Along Came Polly

Along Came Polly. Jersey Films 2004.

Before watching the movie:

I think I was aware of this movie as a title floating out there, but that was pretty much the end of it. Even watching a trailer, I thought this was There’s Something About Mary for a moment. I wouldn’t have expected Ben Stiller and Jennifer Aniston to appear together in anything.

Total opposites romantic comedies, especially where the cautious guy’s world is opened by a wildcard girl, are pretty common (off the top of my head, Something Wild fits the bill), but what the concept reminds me the most of is Yes Man. It’s something about the mix of extreme activities that he never would have agreed to without this change in his life, I think. I don’t really have a whole lot more to say about a movie I barely knew existed, just how much it reminds me of more well-regarded movies.

After watching the movie:

Reuben Feffer was always afraid of the chance of something bad happening, so he became a life insurance assessor. Having just married his very safe real estate agent wife Lisa, they go on their honeymoon in the Caribbean, and on day one, Lisa leaves him for a scuba instructor. Back at home, Reuben would prefer to wallow in misery in the house he just overpaid for as a surprise for Lisa, but his friend Sandy, an actor who was in one thing everyone knows in the 80s and is still trying to turn that into long term success, invites him to a friend’s art show, where Reuben finds his old classmate Polly Prince working as one of the servers. Not remembering much more about her than that she was on the math team, he invites her on a date, and she chooses a Moroccan restaurant that Reuben does not object to despite the spicy food not mixing well with his IBS. It turns out Polly leads a very wild life, and despite how terrifying Reuben finds pretty much everything she considers fun, he goes along with it and sometimes even enjoys it. Meanwhile at work, Reuben has been given the big job of finding a way to justify selling a big life insurance policy to an eccentric billionaire adrenaline junkie CEO who needs life insurance in order to be allowed to stay as CEO. Just as things are going really well with Polly, Lisa comes home saying she made a mistake and wants to be with Reuben again, leaving him torn between the woman who seems safe and familiar and is already married to him and the exciting Polly who makes him feel alive but isn’t really the marrying kind.

This runs on farce. Characters get thrown into ridiculous situations and try to pretend they’re normal. Personalities are cartoonish.

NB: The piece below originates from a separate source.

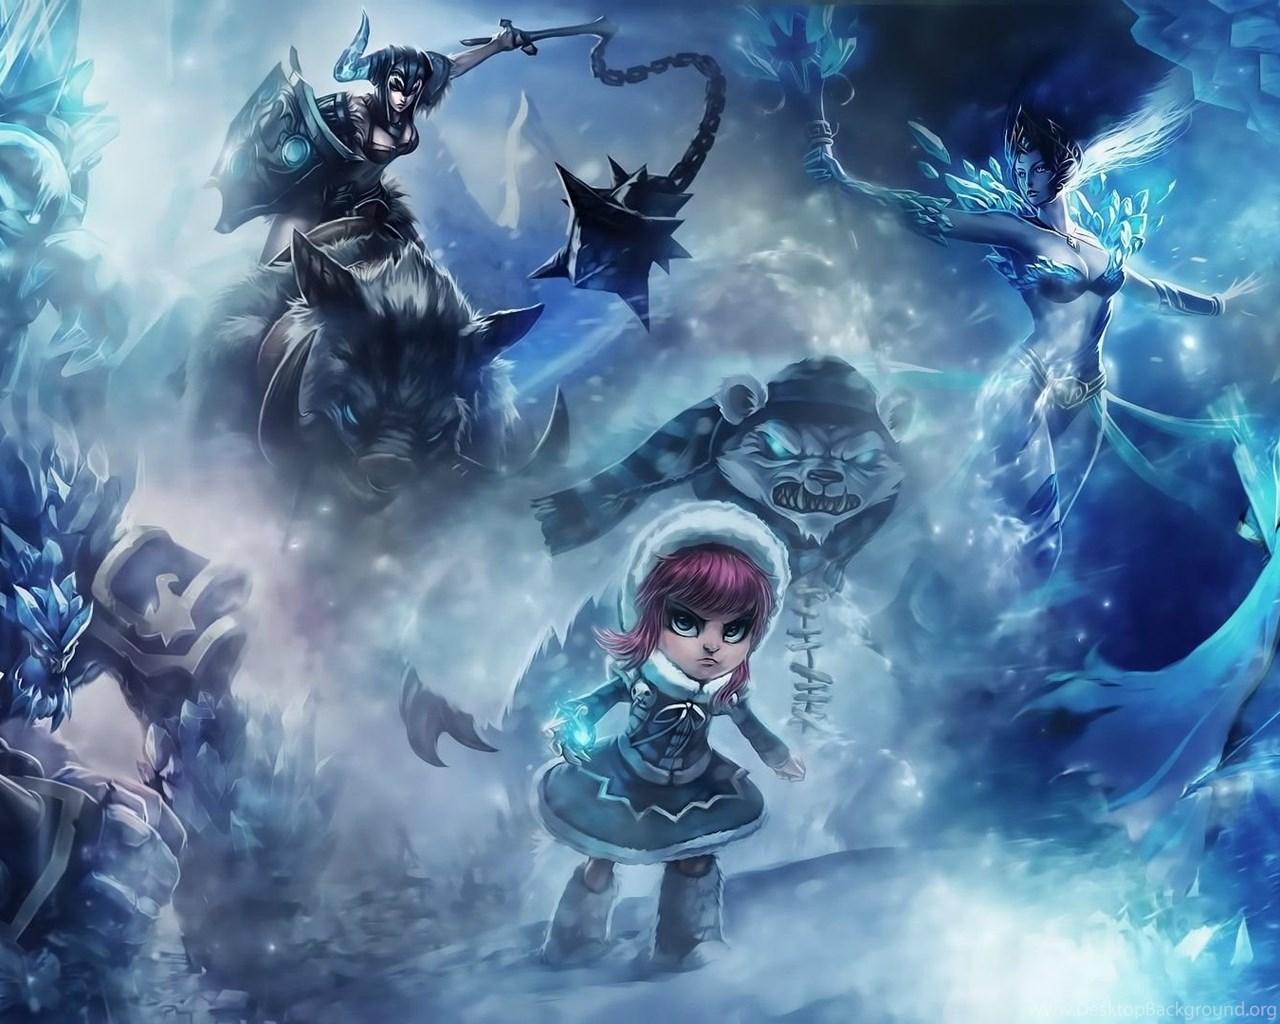 72 Ashe League Of Legends Hd Wallpapers Desktop Background

There’s something about this kind of comedy where it never really feels grounded because not even the protagonist is really fully sane. Apparently it was made by some of the same people who made Meet The Parents, and I get the sense it’s trying to capture the same chaotic energy, but it doesn’t hit the mark and I can’t fully put my finger on what it’s missing.

This feels both of its time and yet I don’t think it really puts down any groups except for perhaps super rich people. When Reuben gets up the nerve to tell Polly’s sensual salsa dancing partner that he doesn’t appreciate another man acting that way in public with his girlfriend even though Reuben himself doesn’t dance because he doesn’t know anything about salsa dancing, the other guy just says he’s gay and Reuben’s response is “oh. Can you give me salsa lessons then?” Which is the last thing I would’ve expected from a 2004 movie. I wonder if that acceptance the whole movie has of all walks of life comes from the Jewish experience that seems a little more present than Reuben and Lisa just having a Jewish wedding, or whether it’s more related to the story’s philosophy of getting out of your comfort zone and embracing the things that seem scary.

This is another movie that leaves me mostly thinking of other movies with bigger legacies. It doesn’t quite arrive at what it’s trying to do, but the failure to gel is difficult to explain. Maybe it really is the chemistry levels between the leads, but mostly I think the fault is in the comedic exaggerations feeling overinflated. This was fun, but not something I’ll be eager to come back to.